The new reporting requirement is different from existing APS and CPS reporting laws, and arguably more expansive, in the following ways:

  • Time limitation: The new law requires the MH/DD/SA facility employee or volunteer to report allegations within 24 hours of witnessing the situation. The other reporting laws do not impose similar time limitations.
  • Report recipients: The new law allows reports to be made to any one the following: (1) DSS, (2) the district attorney, or (3) a law enforcement agency. Existing laws discussed above require reports to be made to DSS and then impose duties on DSS to communicate with the district attorney and/or law enforcement officials. Note that the new law does not eliminate or modify the existing adult or child protective services reporting laws. Those reports must still be made to DSS.
  • Report subjects: As mentioned above, the APS reporting law applies to suspected abuse, neglect, or financial exploitation of a disabled adult. The new reporting requirement applies to suspected criminal actions involving a person who is a client of an MH/DD/SA facility. Because there may be adult clients of these facilities who are not “disabled” as that term is defined in the APS reporting law, the new reporting law probably applies to more adults than the APS law.

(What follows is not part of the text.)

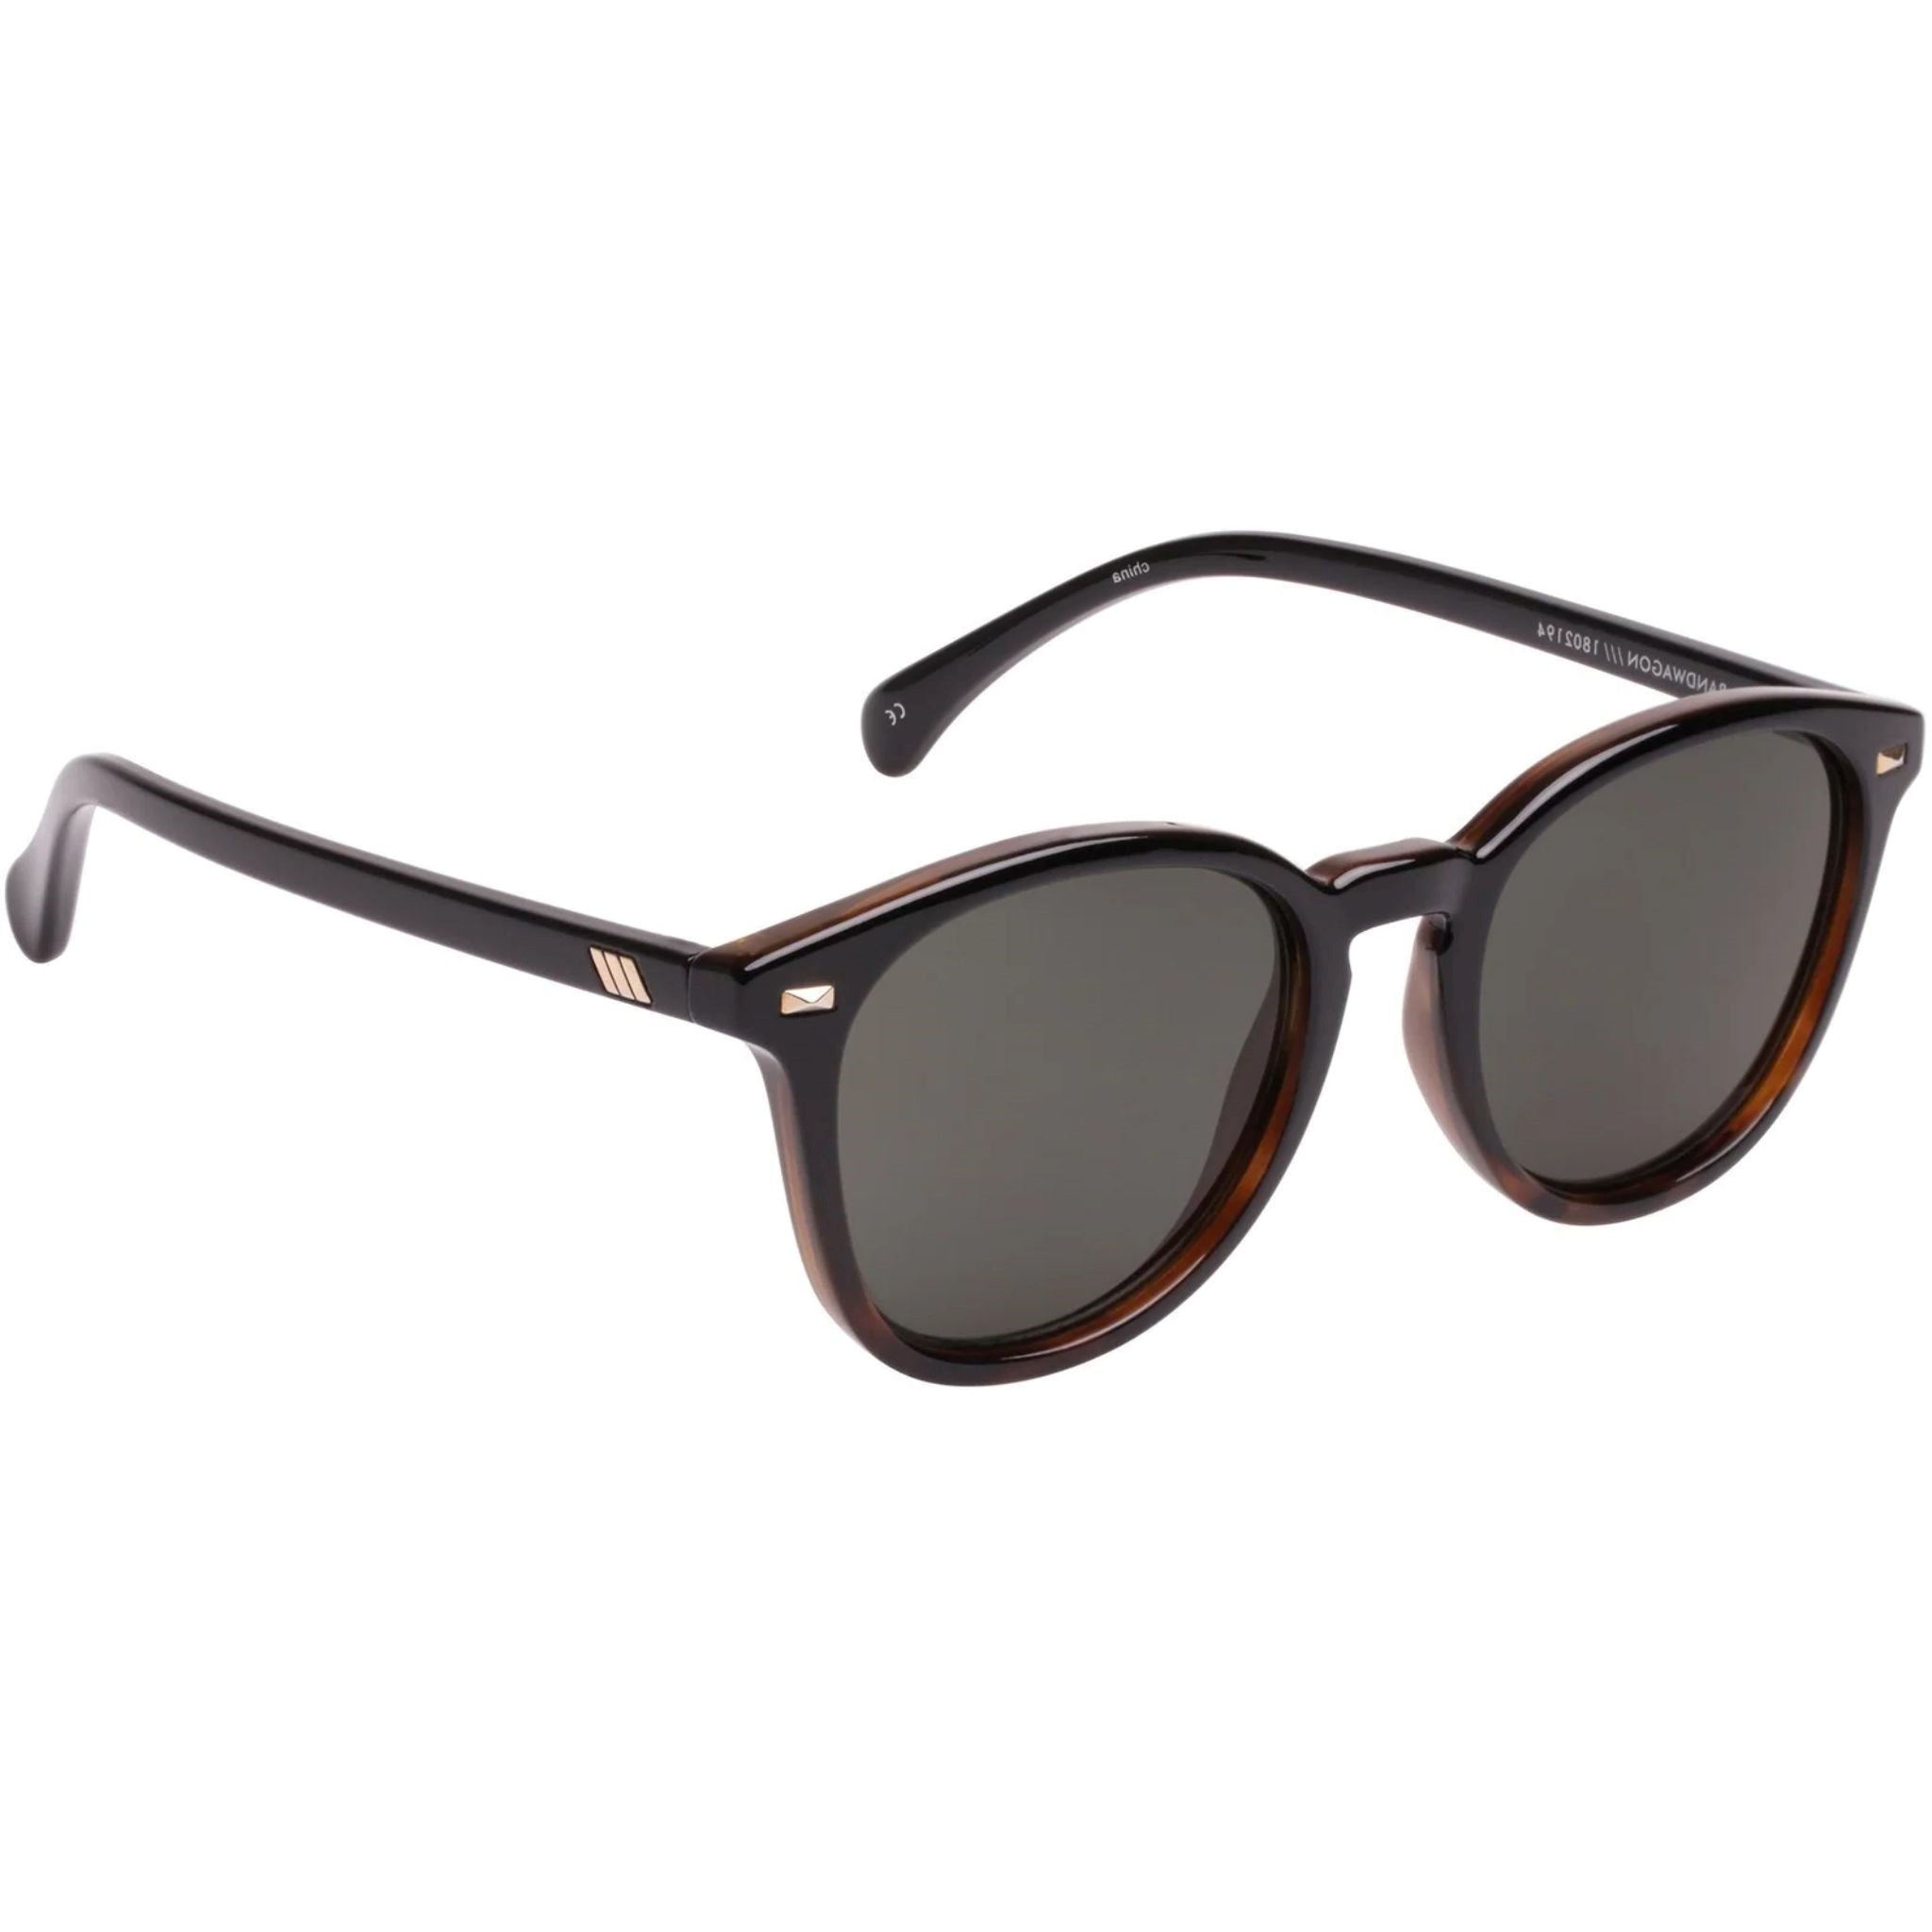 Le Specs Bandwagon Round Sunglasses in Tort | ASOS

  • Scope: The new reporting requirement likely extends beyond actions that would be considered abuse or neglect under the APS law, such as indecent exposure and secret peeping (although abuse can include willful infliction of mental anguish under the APS law).
  • Criminal penalty: Under the new law, a facility employee or volunteer could be charged with a crime (Class A1 misdemeanor) for failing make the required report. There is a similar penalty that applies in the context of child abuse if a person or institution “knowingly or wantonly fails” to make a required report or prevents another person from making a required report (Class 1 misdemeanor). There is not a comparable provision in the APS reporting law, so the potential for criminal liability is entirely new in that context.

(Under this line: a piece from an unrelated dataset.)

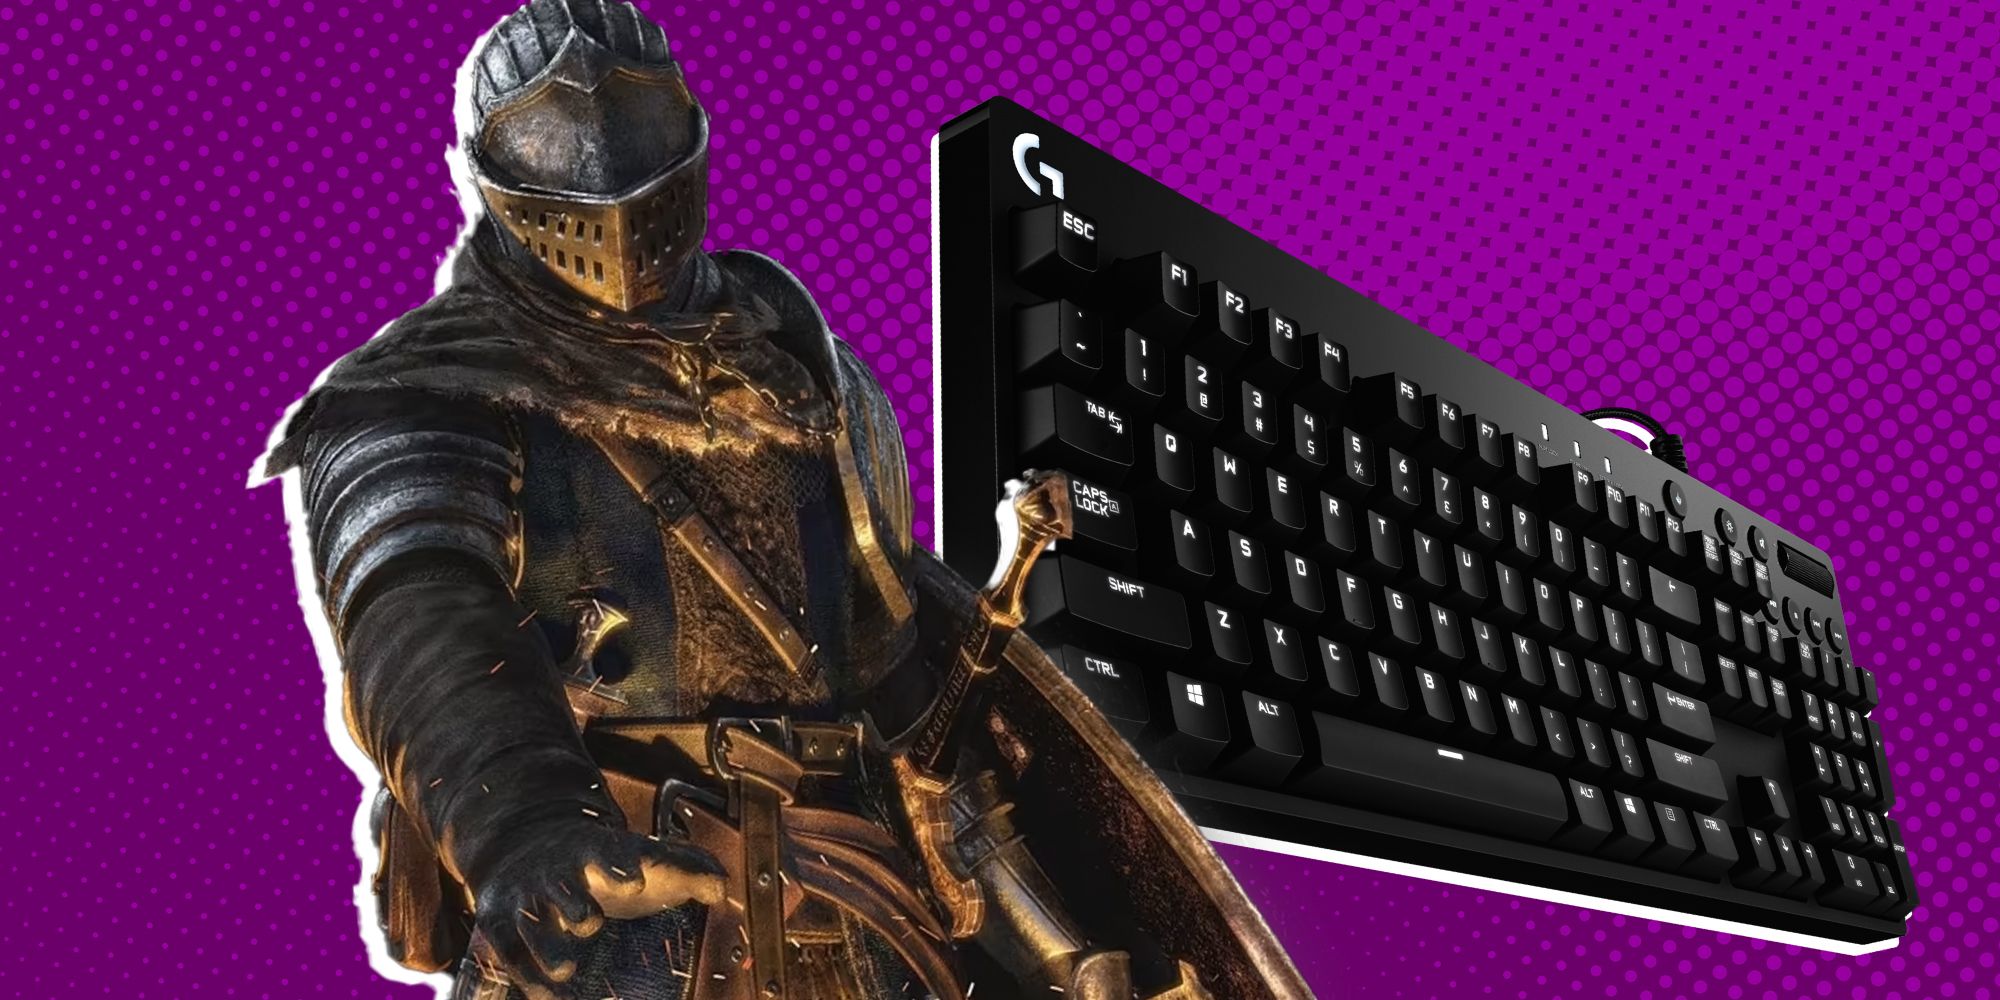 Dark Souls Chosen Undead over a purple background next to a keyboard

Like the APS reporting law, the new law requires DSS (and the district attorney) to follow-up on the report. DSS will continue to screen reports, evaluate the situation, and take action as authorized by the applicable APS laws. There is nothing in this new reporting law that provides DSS with additional authority to take action on a report. If DSS receives a report that falls outside the APS law but within the scope of this new reporting requirement, the agency will need to coordinate with the district attorney and/or law enforcement agencies to ensure that another official who has authority to investigate the situation has the information from the report.

This new reporting requirement is fresh and untested. Some of the subtleties will certainly emerge in the next year or two as it is interpreted and applied. In the meantime, state officials are planning to coordinate efforts on training and implementation and will certainly be communicating more details directly to county social services officials and others in the coming months.